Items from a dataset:
----------------------------------------
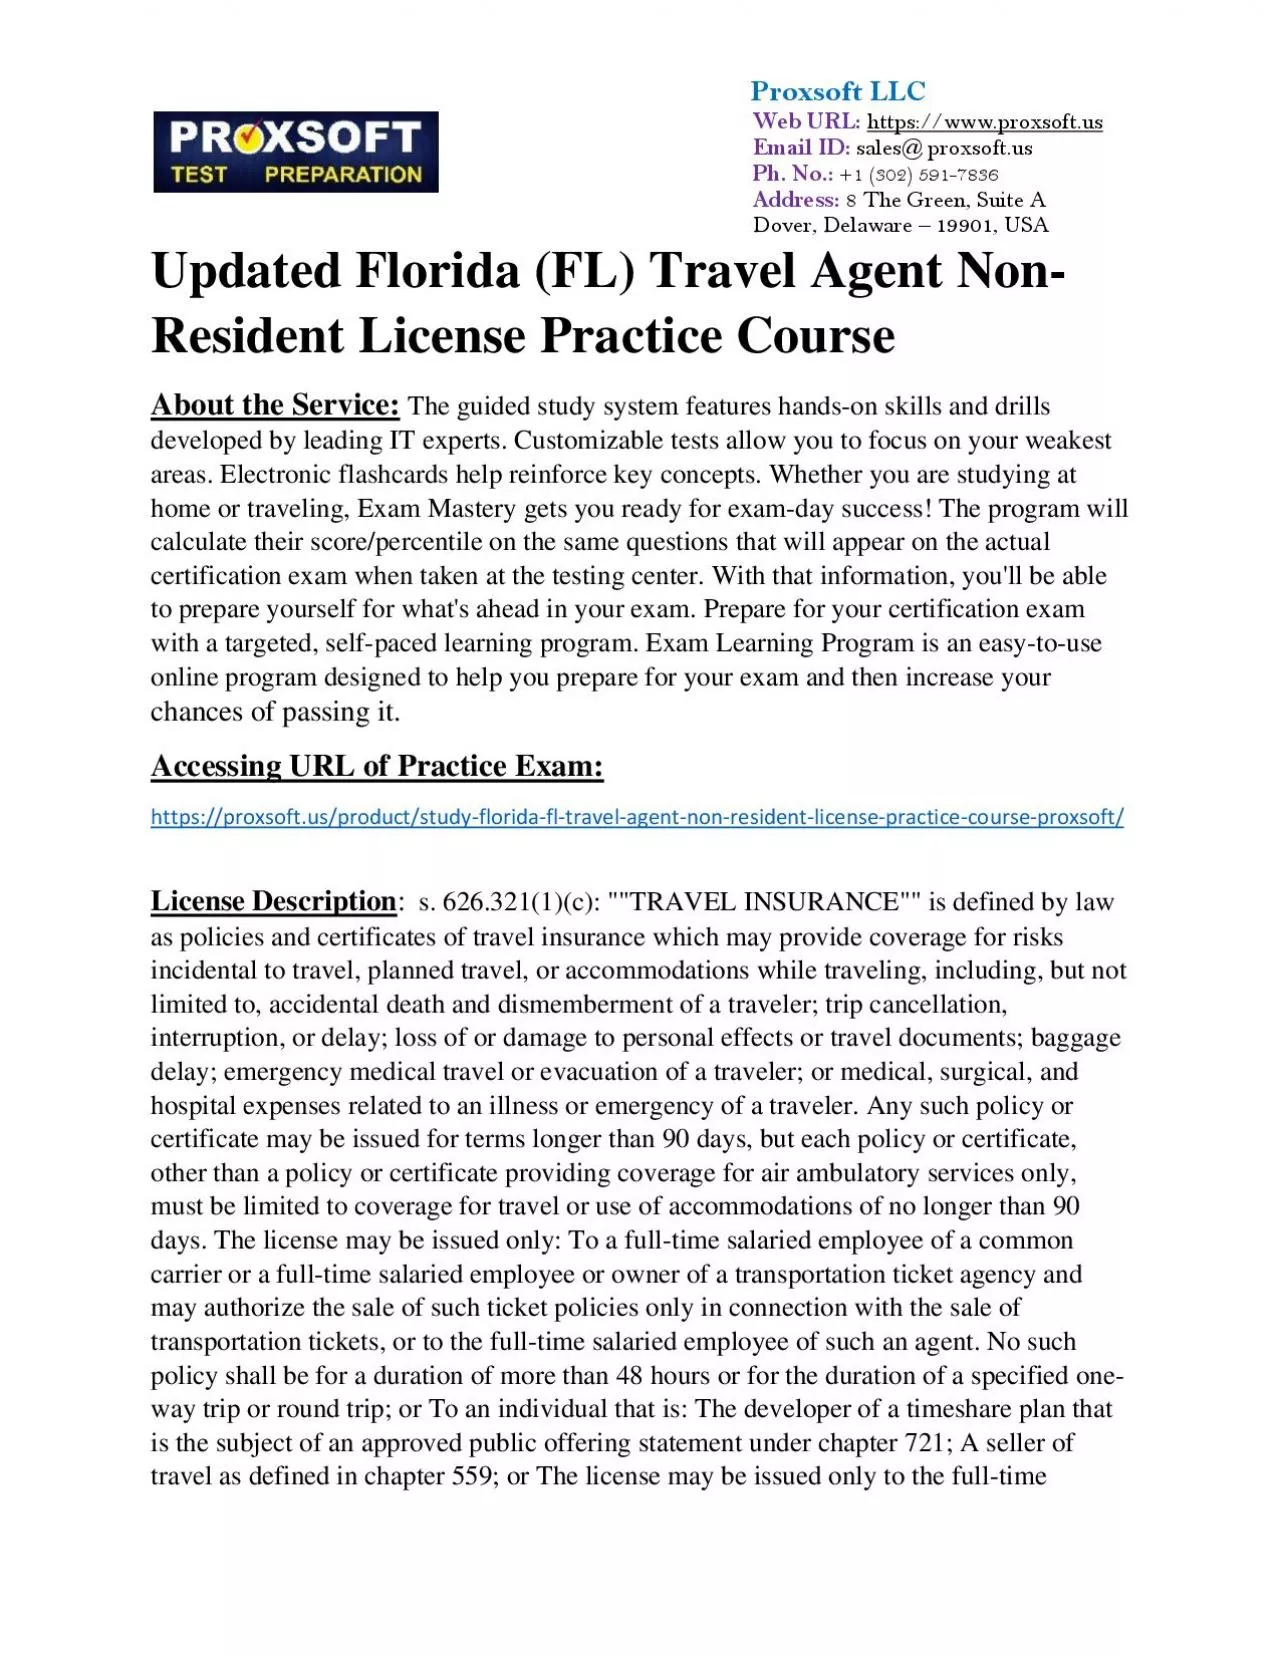 Updated Florida (FL) Travel Agent Non-Resident License Practice Course
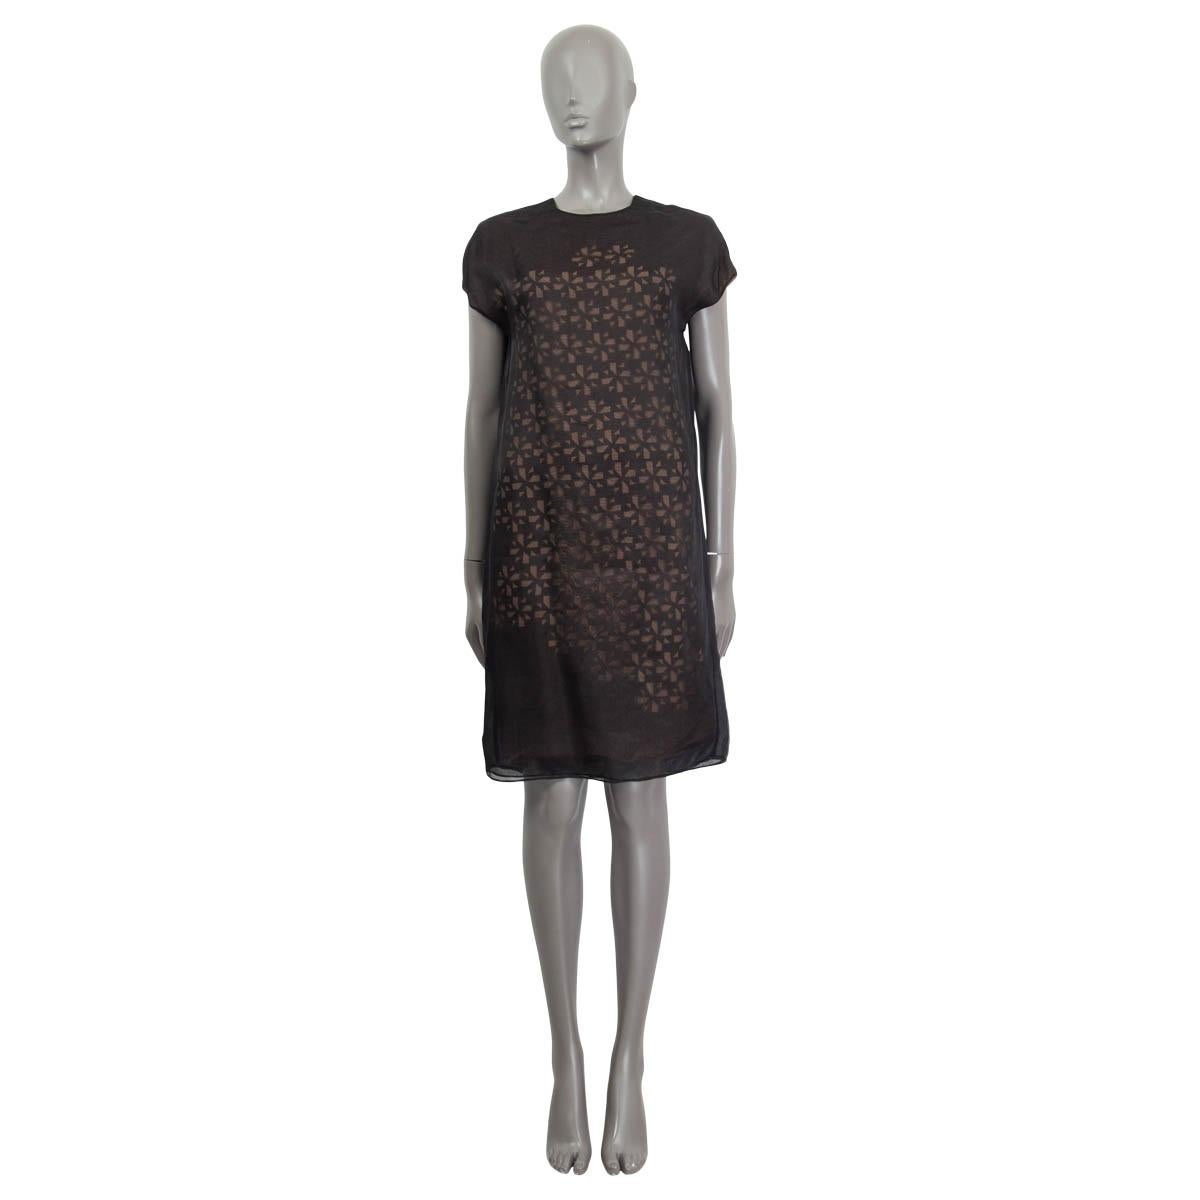 100% authentic Fendi cap sleeve shift dress in black silk (100%) with floral cut-outs on the front. Opens with a button on the back. Lined in nude silk (100%). Has been worn and is in excellent condition.

Measurements
Tag Size	38
Size	XS
Bust	94cm
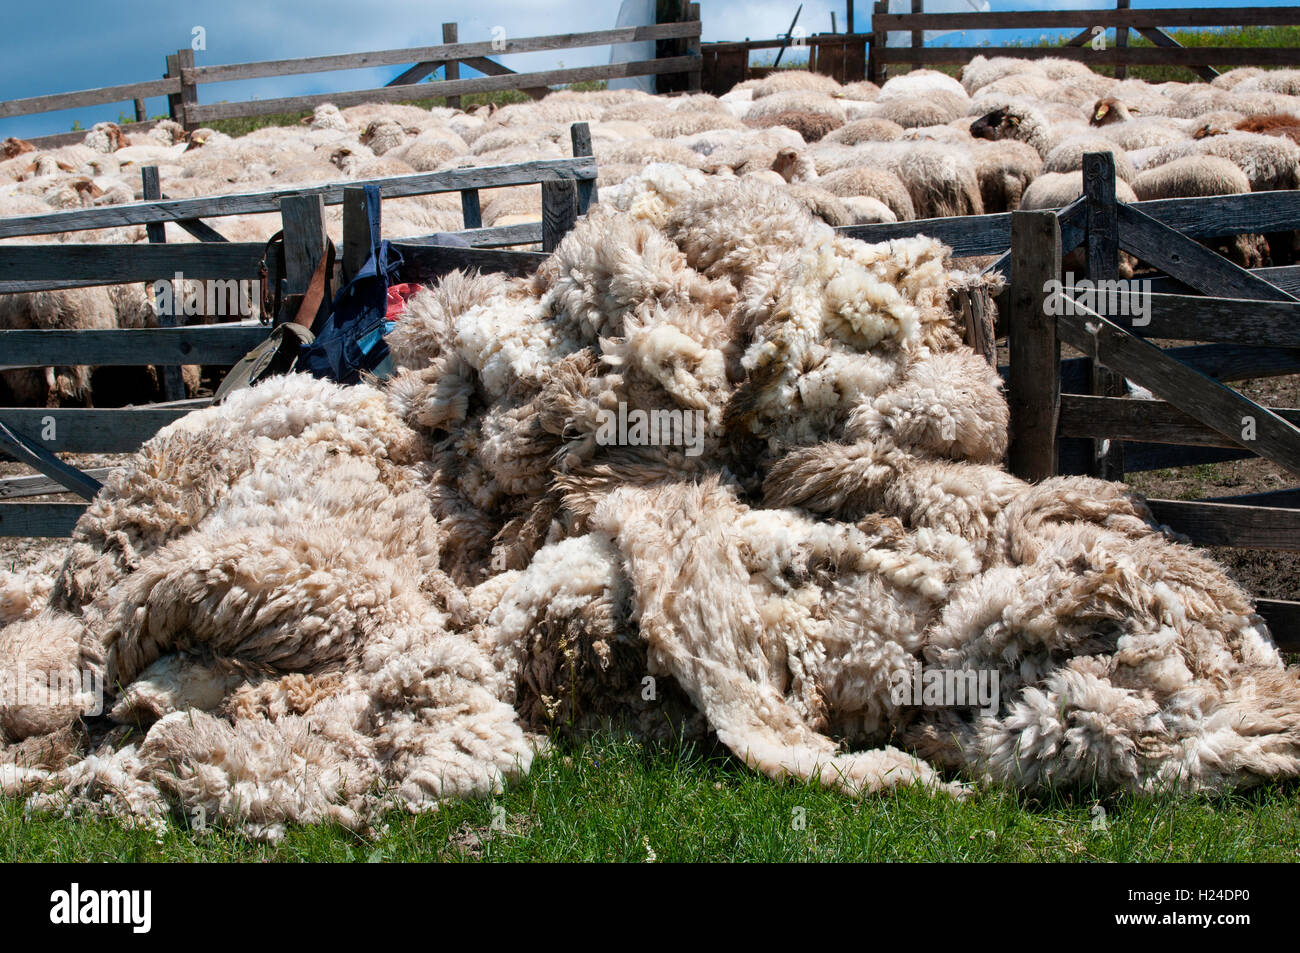 A heap of sheep wool in Romania after shearing Stock Photo - Alamy
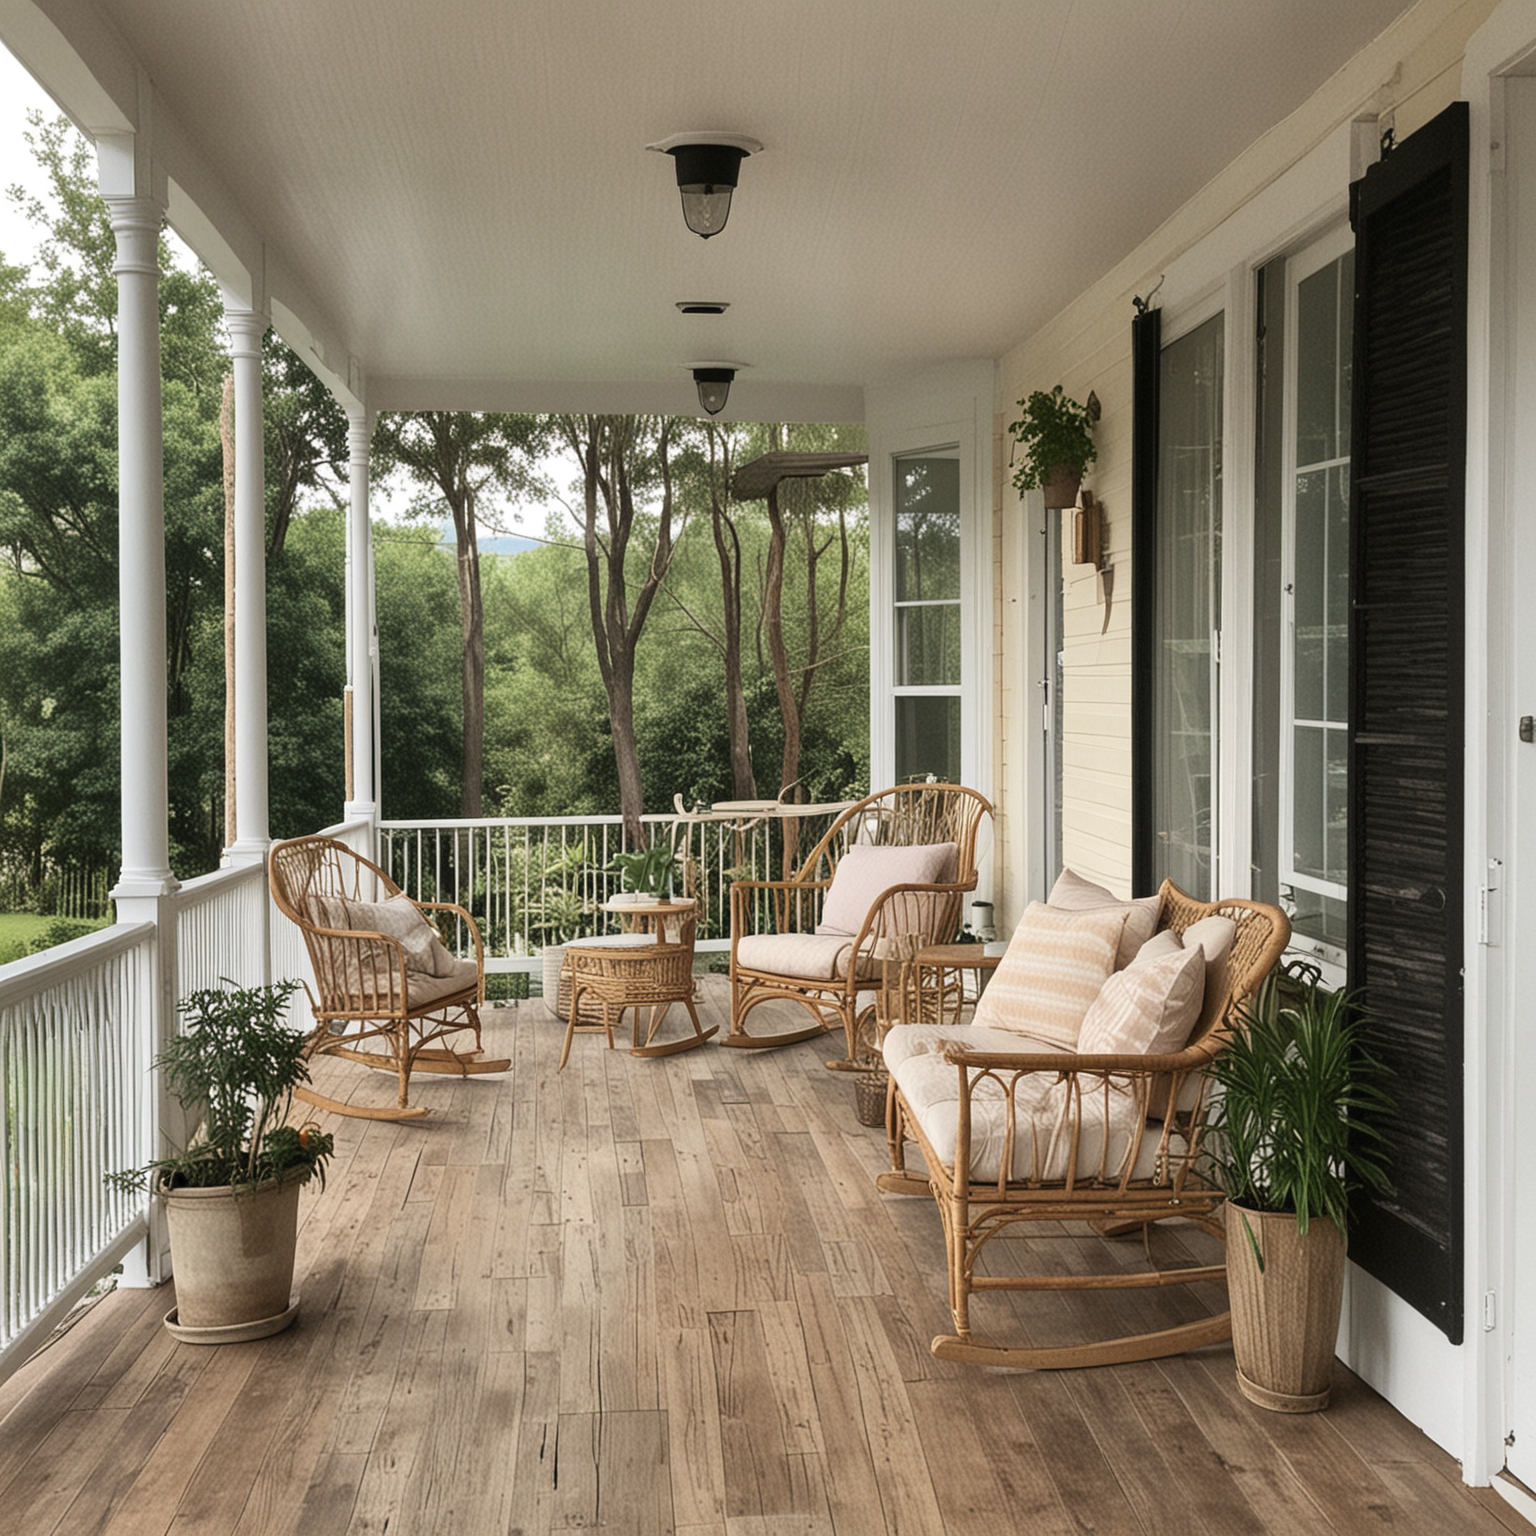 Tranquil Porch with Aesthetic Appeal
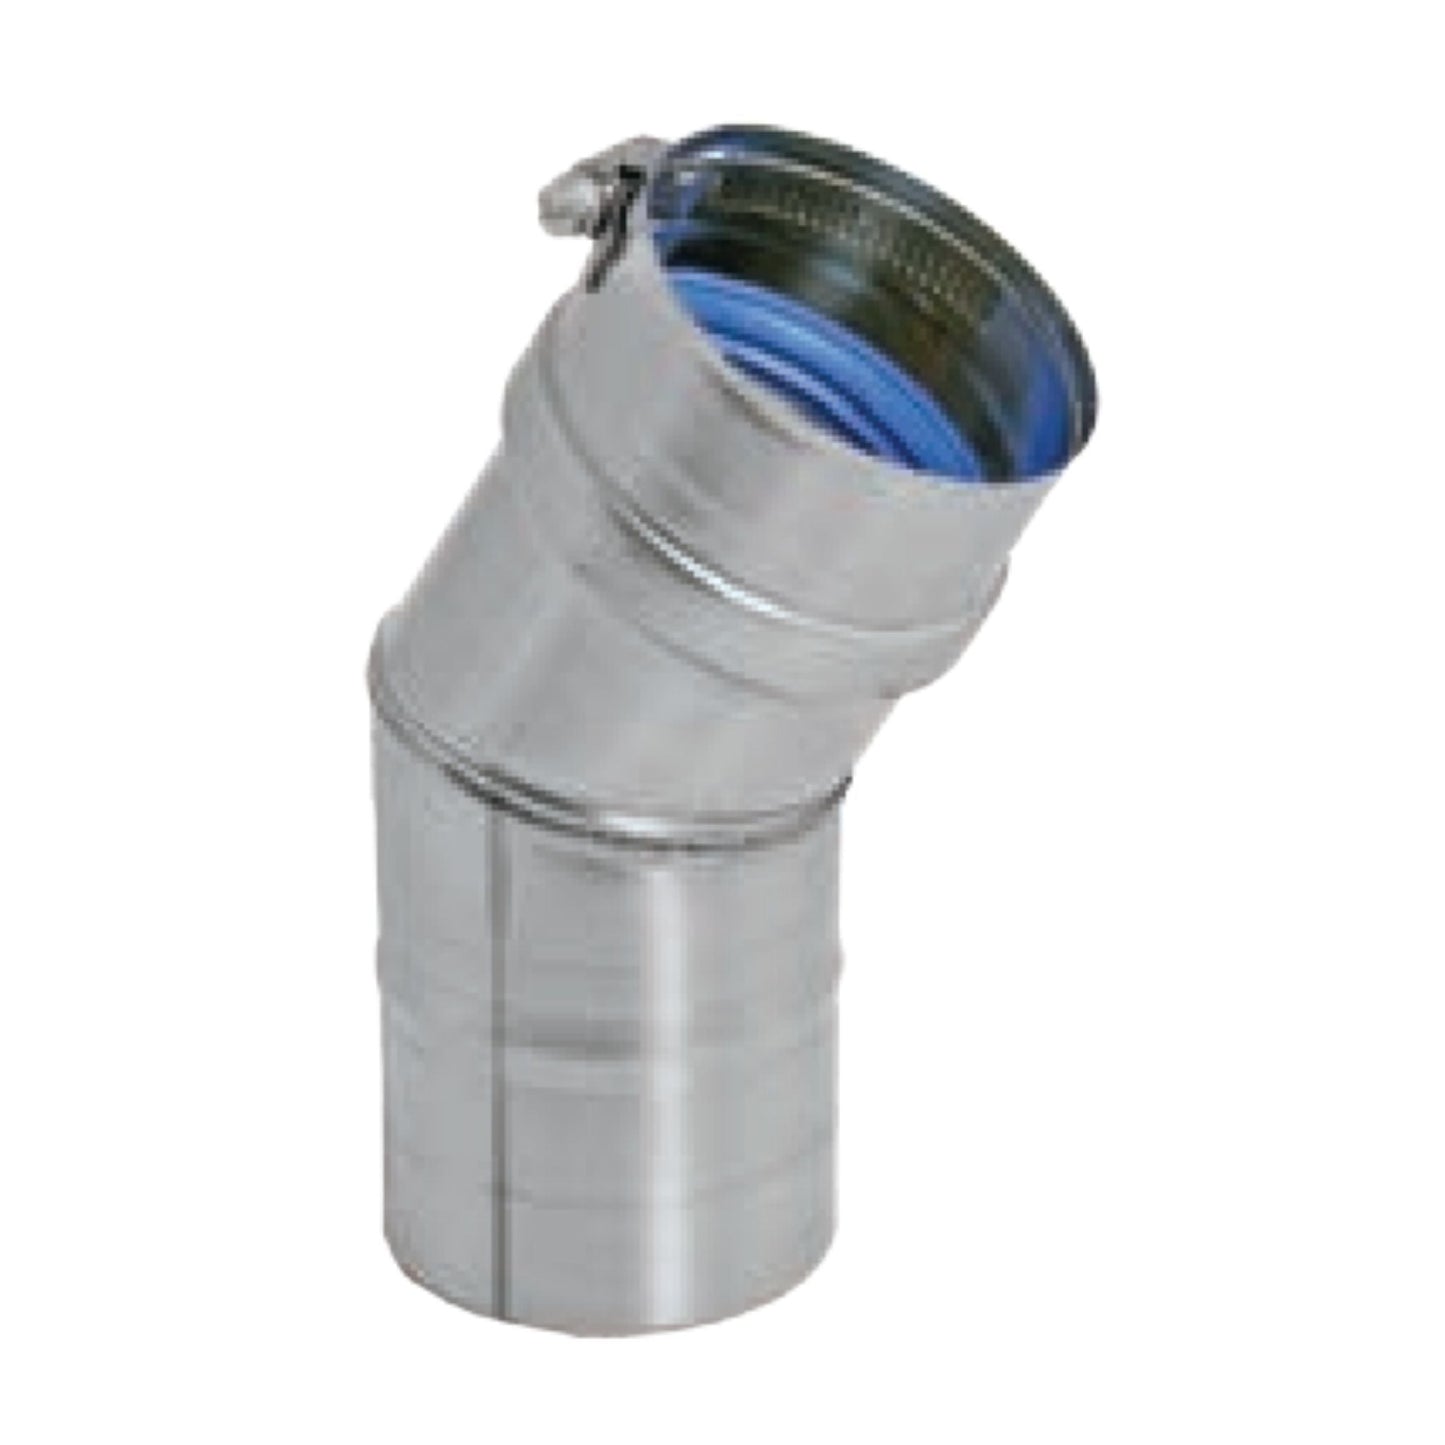 DuraVent FasNSeal 4" 30 Degree 29-4C Stainless Steel Elbow
----------------------------------------
Reproduce the records above exactly, but only from the line containing "Tranquil Porch with Aesthetic Appeal" through the last line, both included, and without any pictures.

Finished task:
 Tranquil Porch with Aesthetic Appeal
 DuraVent FasNSeal 4" 30 Degree 29-4C Stainless Steel Elbow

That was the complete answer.